TO DO |
All lines from the one containing "Fameg Bentwood Bistro" through the end of the material below are to be printed exactly, both ends included, minus pictures.

INPUT DATA |
= = = = =

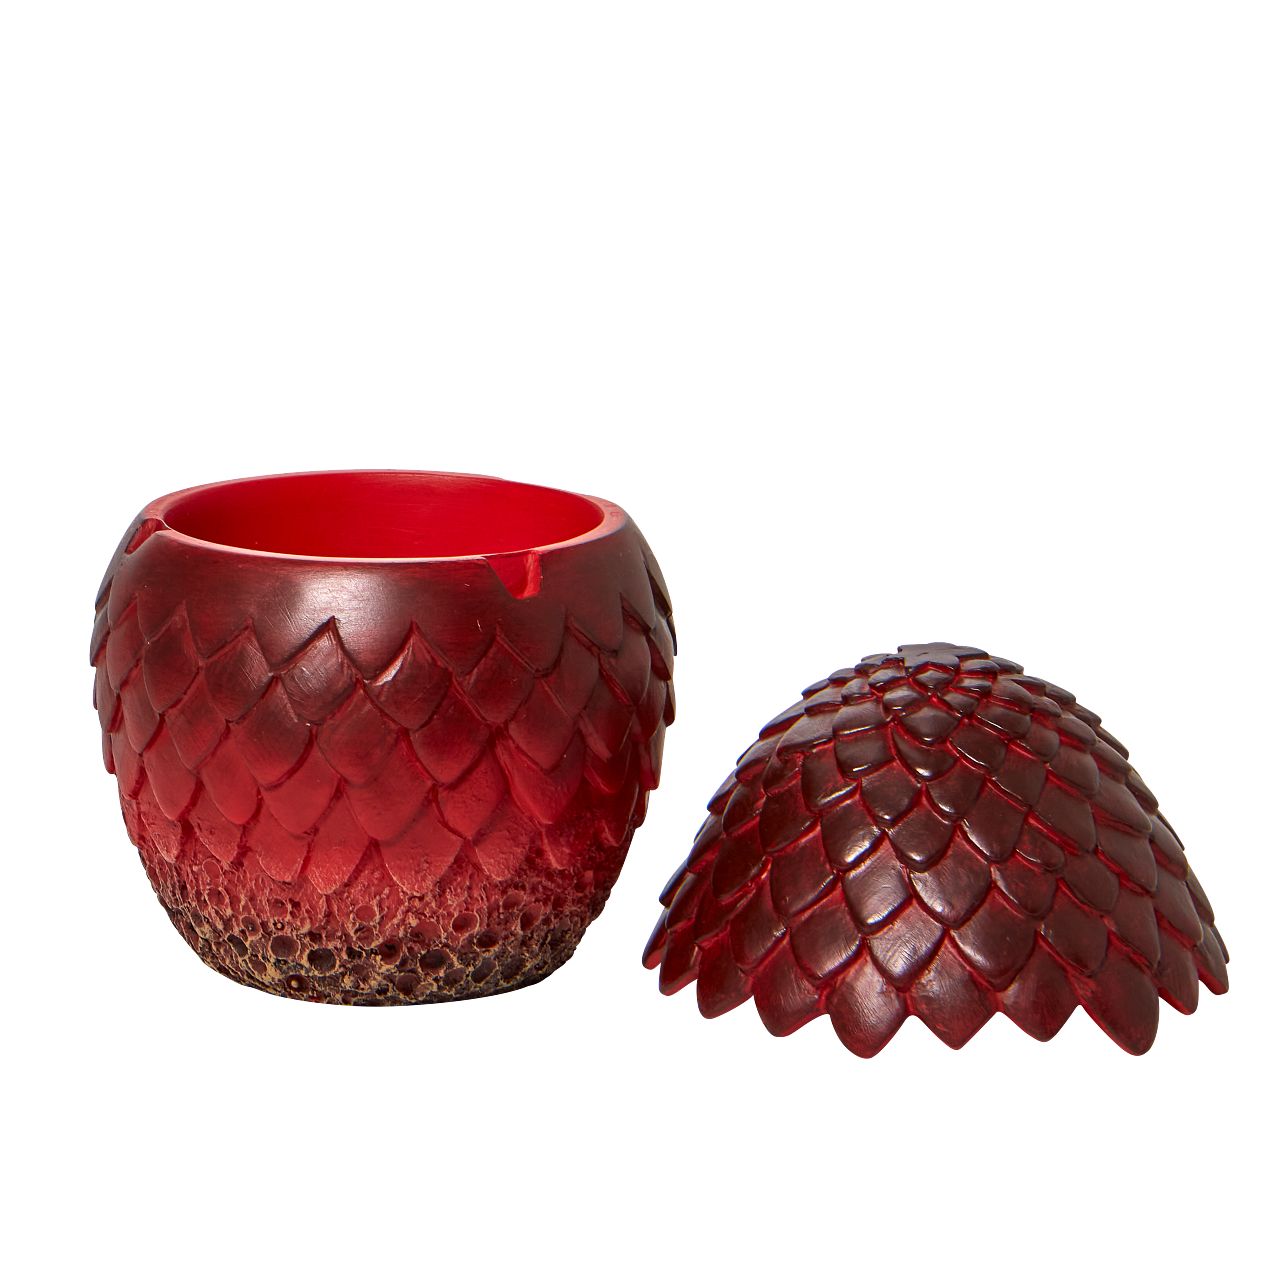 Department 56 Game of Thrones Dragon Egg Trinket Box  Drogon is the last known Dragon in existence and the personal mount of Daenerys. Known for his black and red scale he strikes a terrifying and imposing presence. But you can forget that he came from something so small as this egg.
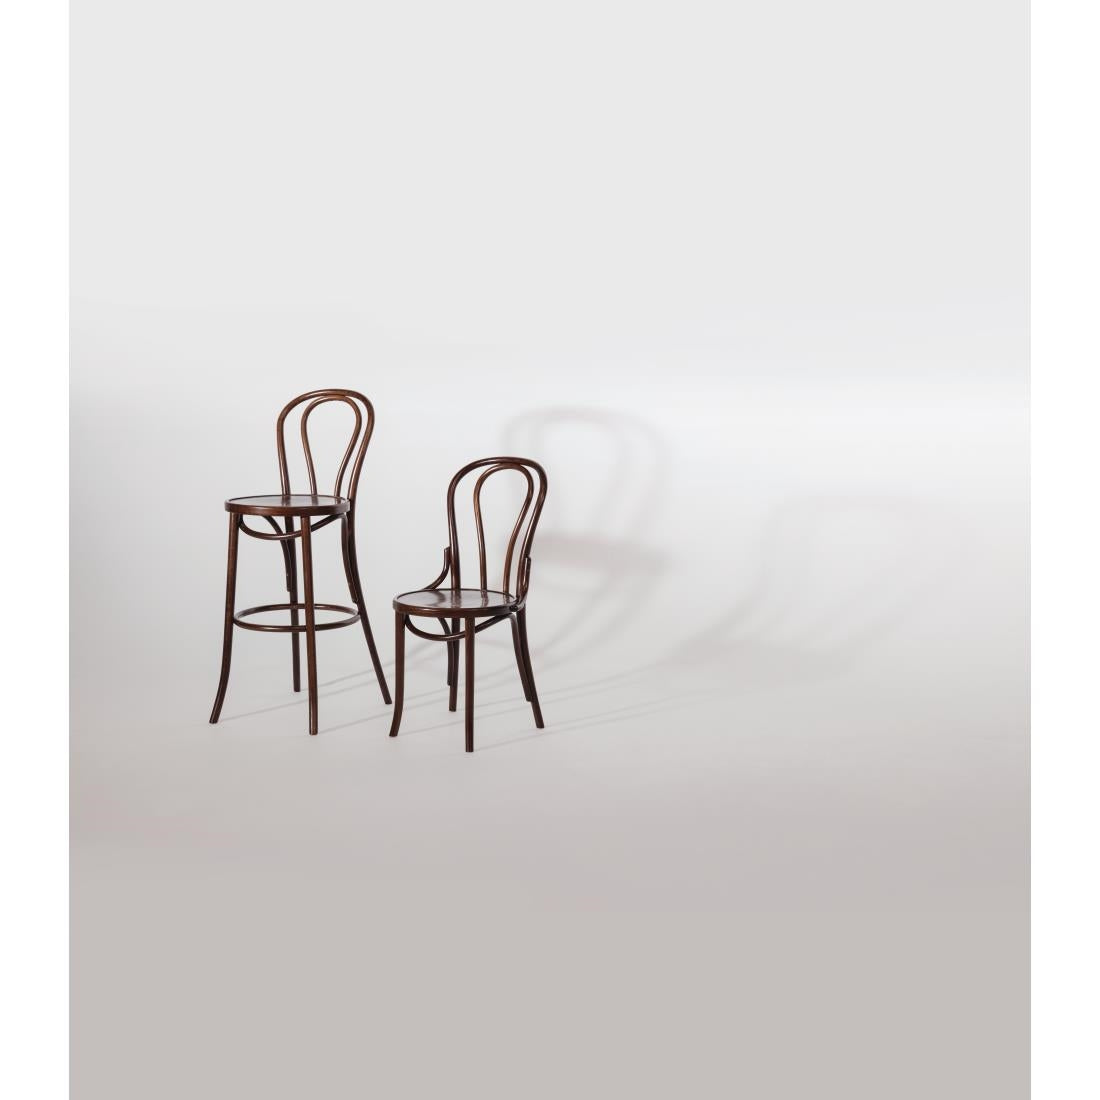 Fameg Bentwood Bistro Side Chairs Walnut Finish (Pack of 2) JD Catering Equipment Solutions Ltd
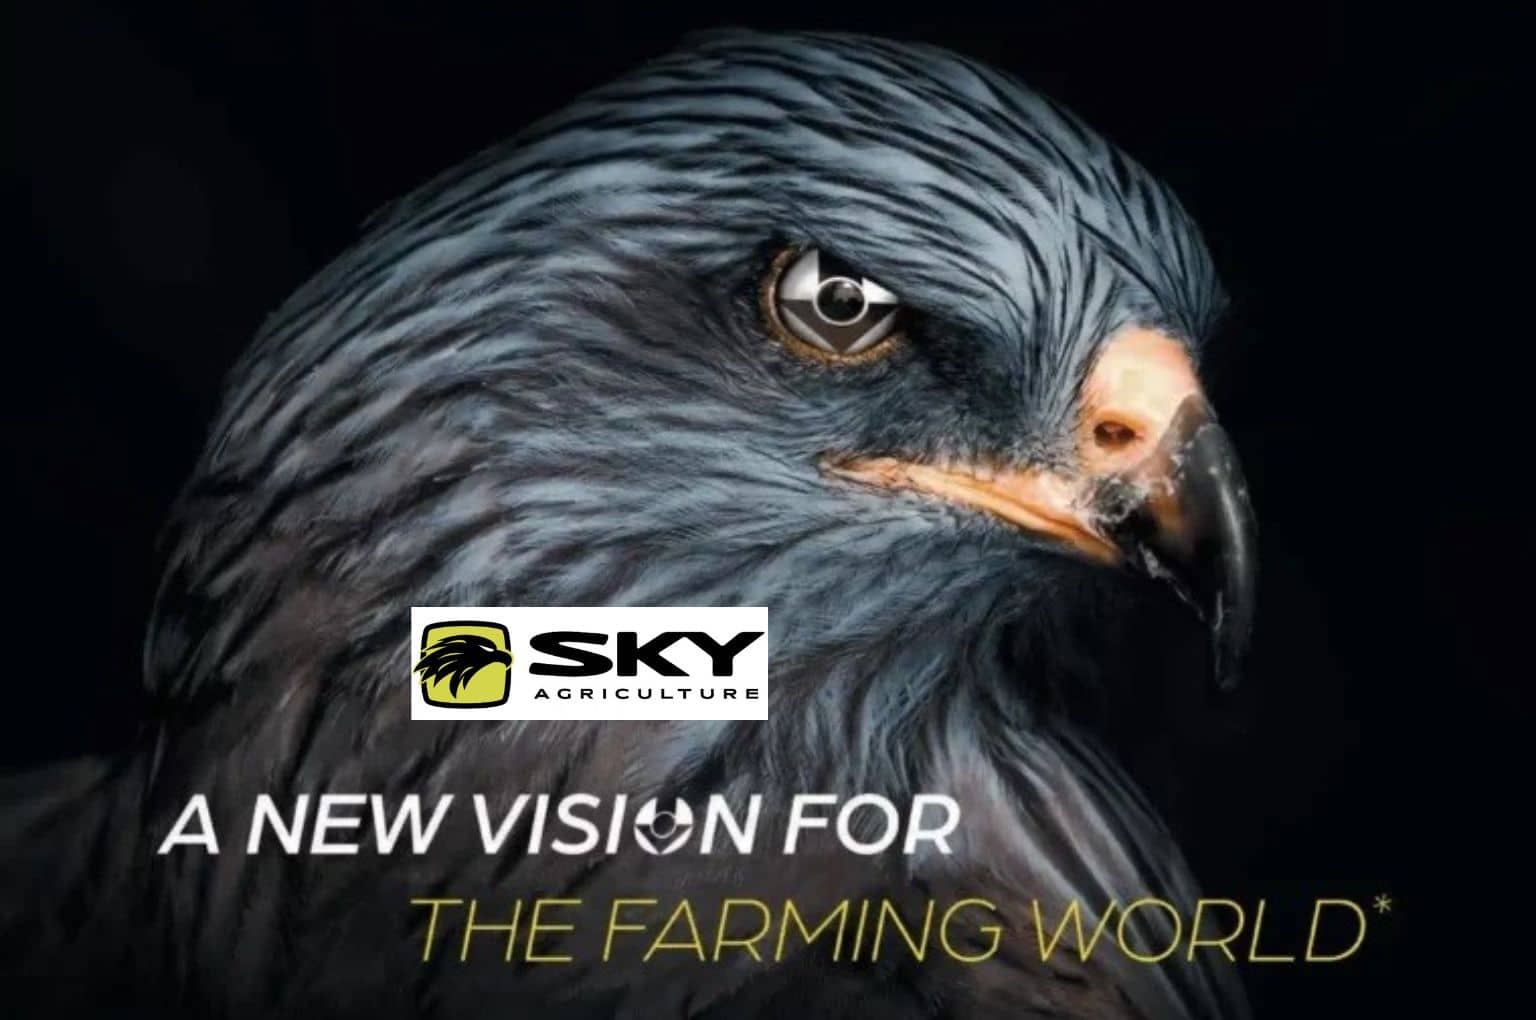 SKY Agriculture

= = = = =

ANSWER AREA |
 Fameg Bentwood Bistro Side Chairs Walnut Finish (Pack of 2) JD Catering Equipment Solutions Ltd
 SKY Agriculture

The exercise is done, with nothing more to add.